Accrued Expenses

Accrued expenses are expenses incurred but not yet paid — wages earned but unpaid at period-end, utilities used but not yet billed, interest accrued but not yet due. They appear as current liabilities on the balance sheet under accrual-basis accounting.

Accrual-basis accounting requires matching expenses to the period in which they are incurred, not when cash leaves the account. Accrued expenses are the natural result: payroll accrues daily but is paid biweekly; utility bills accrue throughout the month but arrive 30 days later; loan interest accrues daily but may be due monthly. At any balance sheet date, these incurred-but-unpaid obligations are recorded as current liabilities — accrued expenses or accrued liabilities. Common accrued expense categories for small businesses: accrued payroll and payroll taxes (wages earned in the last days of the period, paid in the next period); accrued interest (interest on debt accrued through the balance sheet date); accrued rent (if paid in arrears); accrued professional fees (attorney or accountant fees invoiced after the work is done); and accrued warranty obligations. The balance between accrued expenses and accounts payable is important for cash flow analysis. Accounts payable represents vendor invoices received and due; accrued expenses represent obligations not yet invoiced. Together they form the bulk of current liabilities — used in working capital calculation (current assets − current liabilities) and in the quick ratio. For lenders, large or growing accrued expenses relative to revenue can signal that a business is deferring payments — running ahead of its ability to pay obligations. Conversely, a business with modest, stable accrued expenses relative to its payroll and operating cycle is managing its short-term obligations well. Accrued expenses are a focus area in SBA 7(a) underwriting when reviewing working capital adequacy.

Examples

Frequently asked questions

What's the difference between accrued expenses and accounts payable?

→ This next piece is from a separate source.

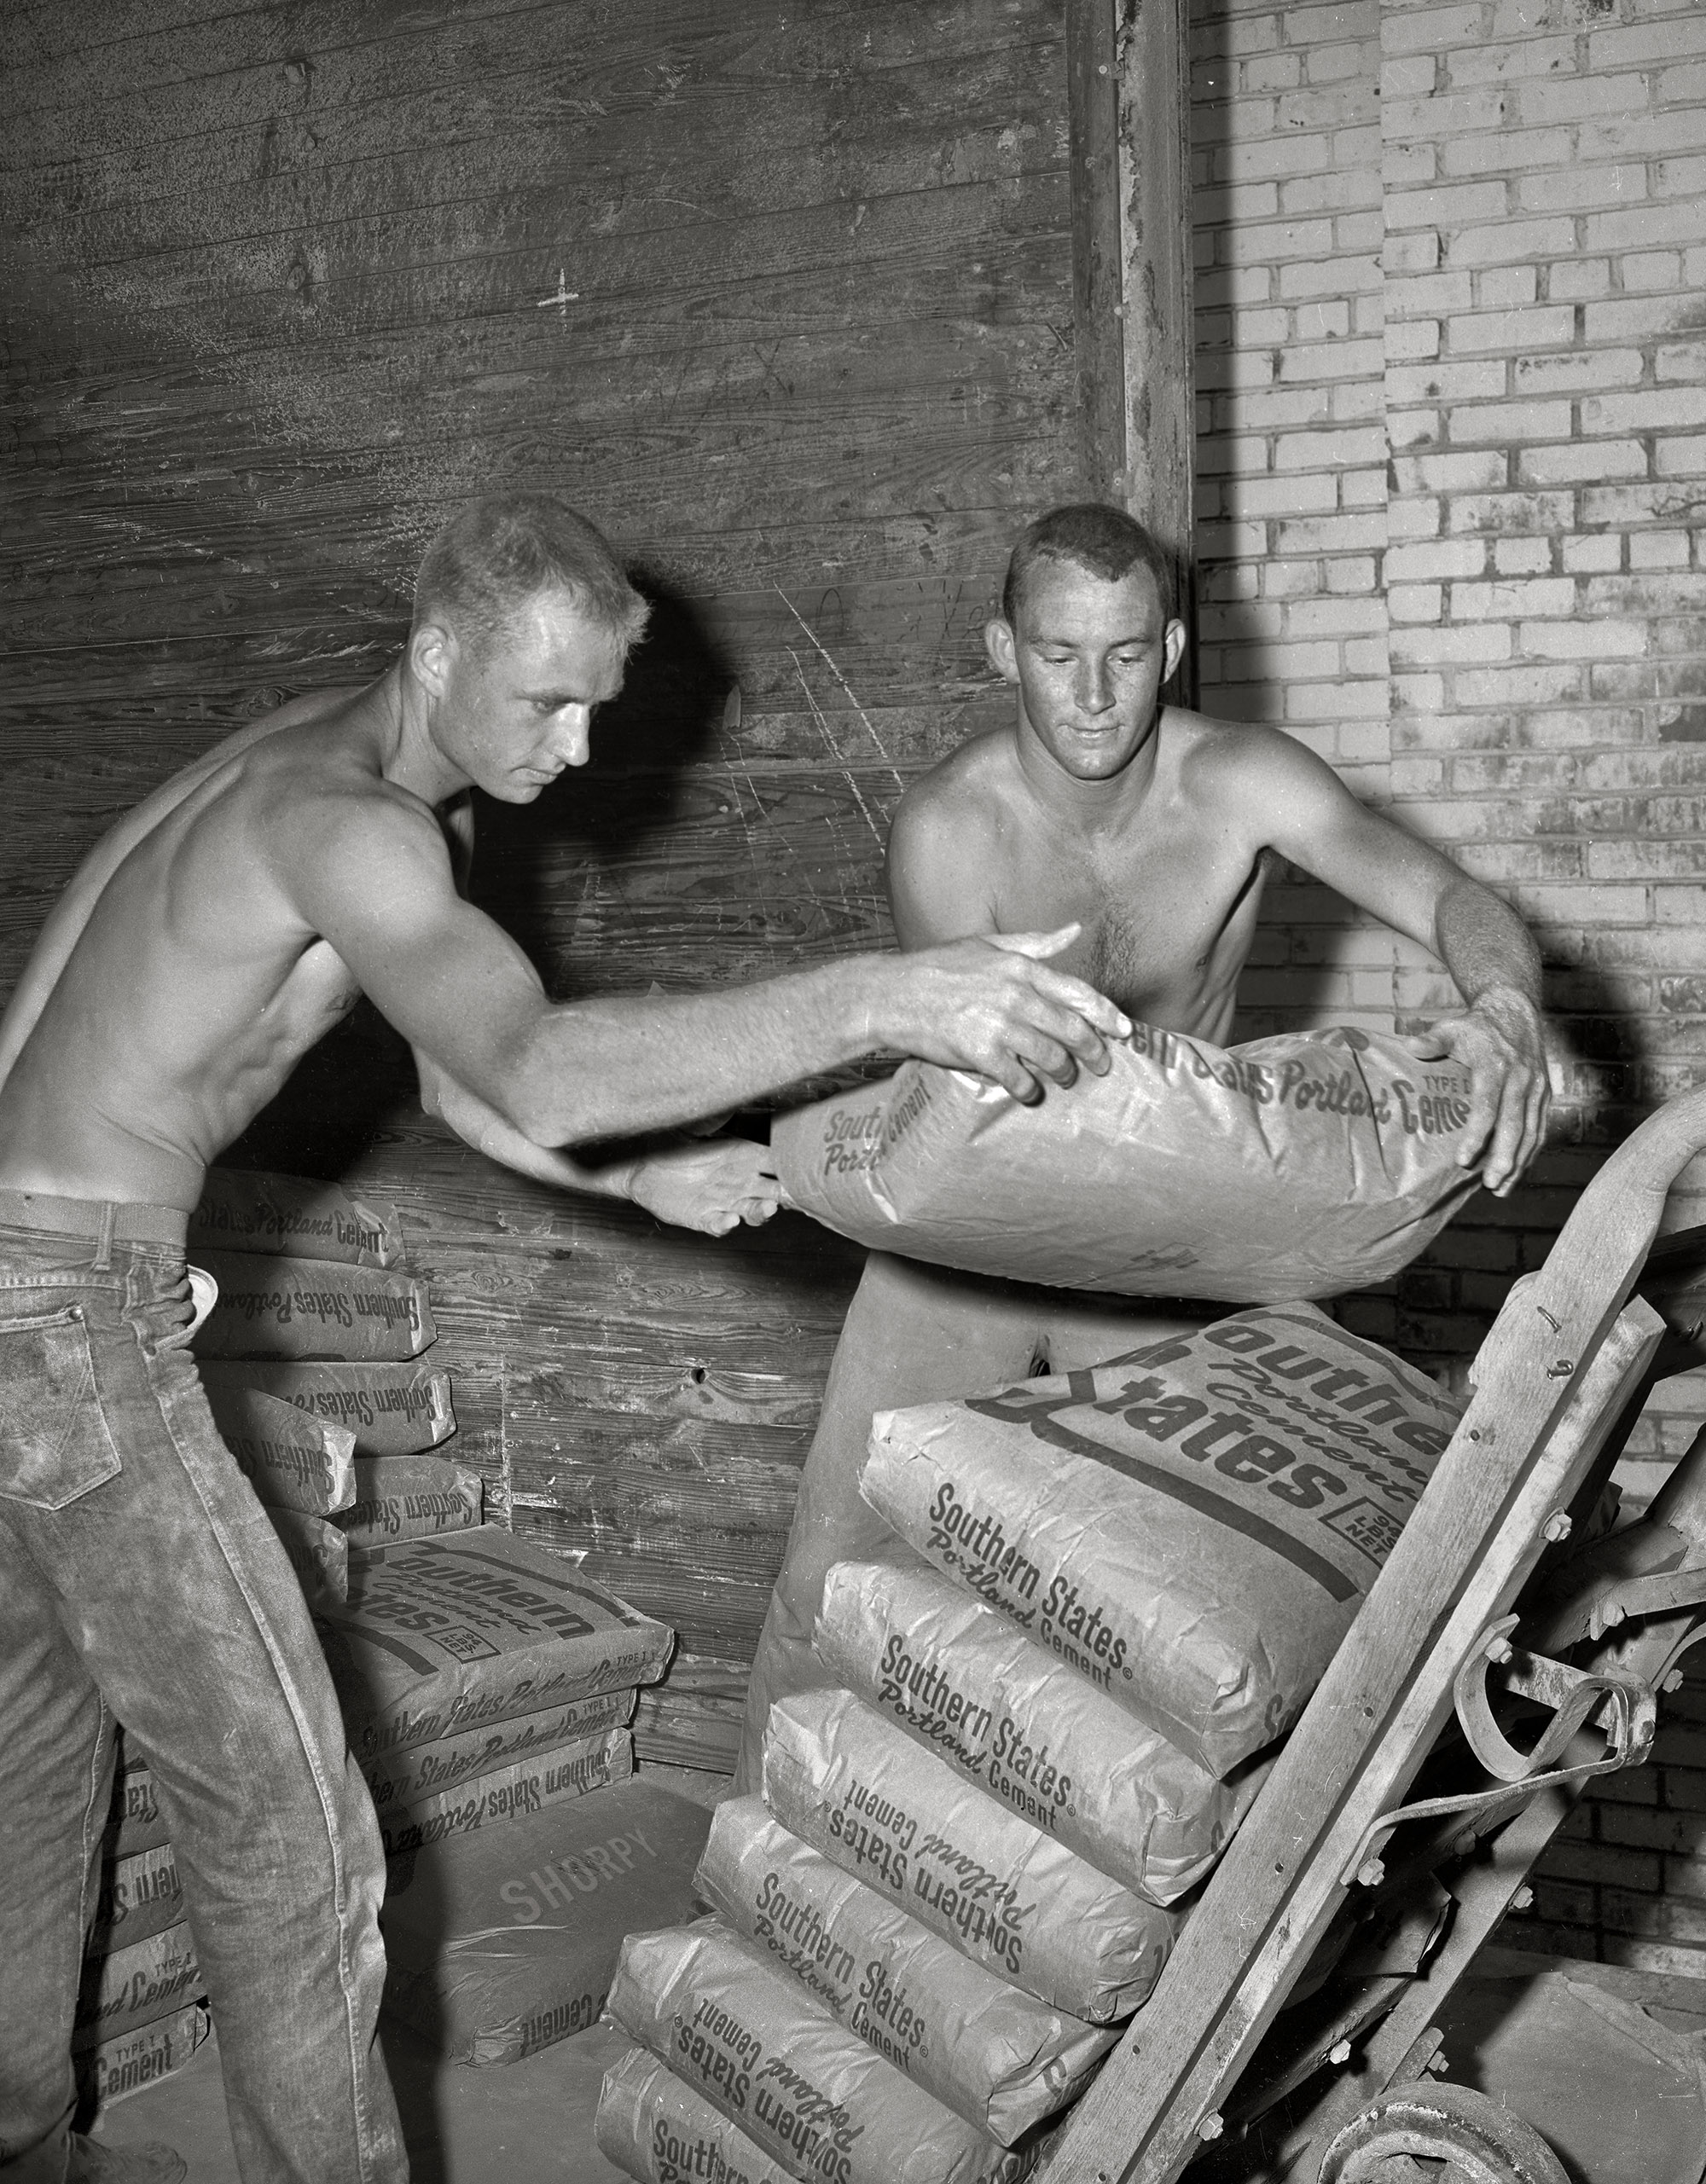 From around Columbus, Georgia, circa 1955 come the two strapping lads last seen here and here seven years ago, though they don't look a day older. Playing catch with 94-pound sacks of cement must keep you young. 4x5 inch acetate negative. View full size.

Accounts payable are obligations with a vendor invoice — you've been billed and owe payment on specific terms. Accrued expenses are obligations that have been incurred but not yet billed (e.g., last week of payroll not yet processed, interest accrued but not yet due). Both are current liabilities, but accrued expenses arise from the matching principle, not from a received invoice.

Do accrued expenses affect my taxes?

Under accrual-basis accounting for tax purposes, accrued expenses are generally deductible in the year incurred, not the year paid — as long as economic performance has occurred (services rendered, goods received). Cash-basis taxpayers deduct expenses in the year paid; accrual taxpayers deduct when incurred. The tax method must be consistent with your books.

Why do lenders look at accrued expenses?

Accrued expenses are part of current liabilities — used in working capital and liquidity ratios. A business with surging accrued expenses may be delaying payments (cash management stress). Stable, predictable accrued expenses consistent with the business's operating cycle are normal and expected.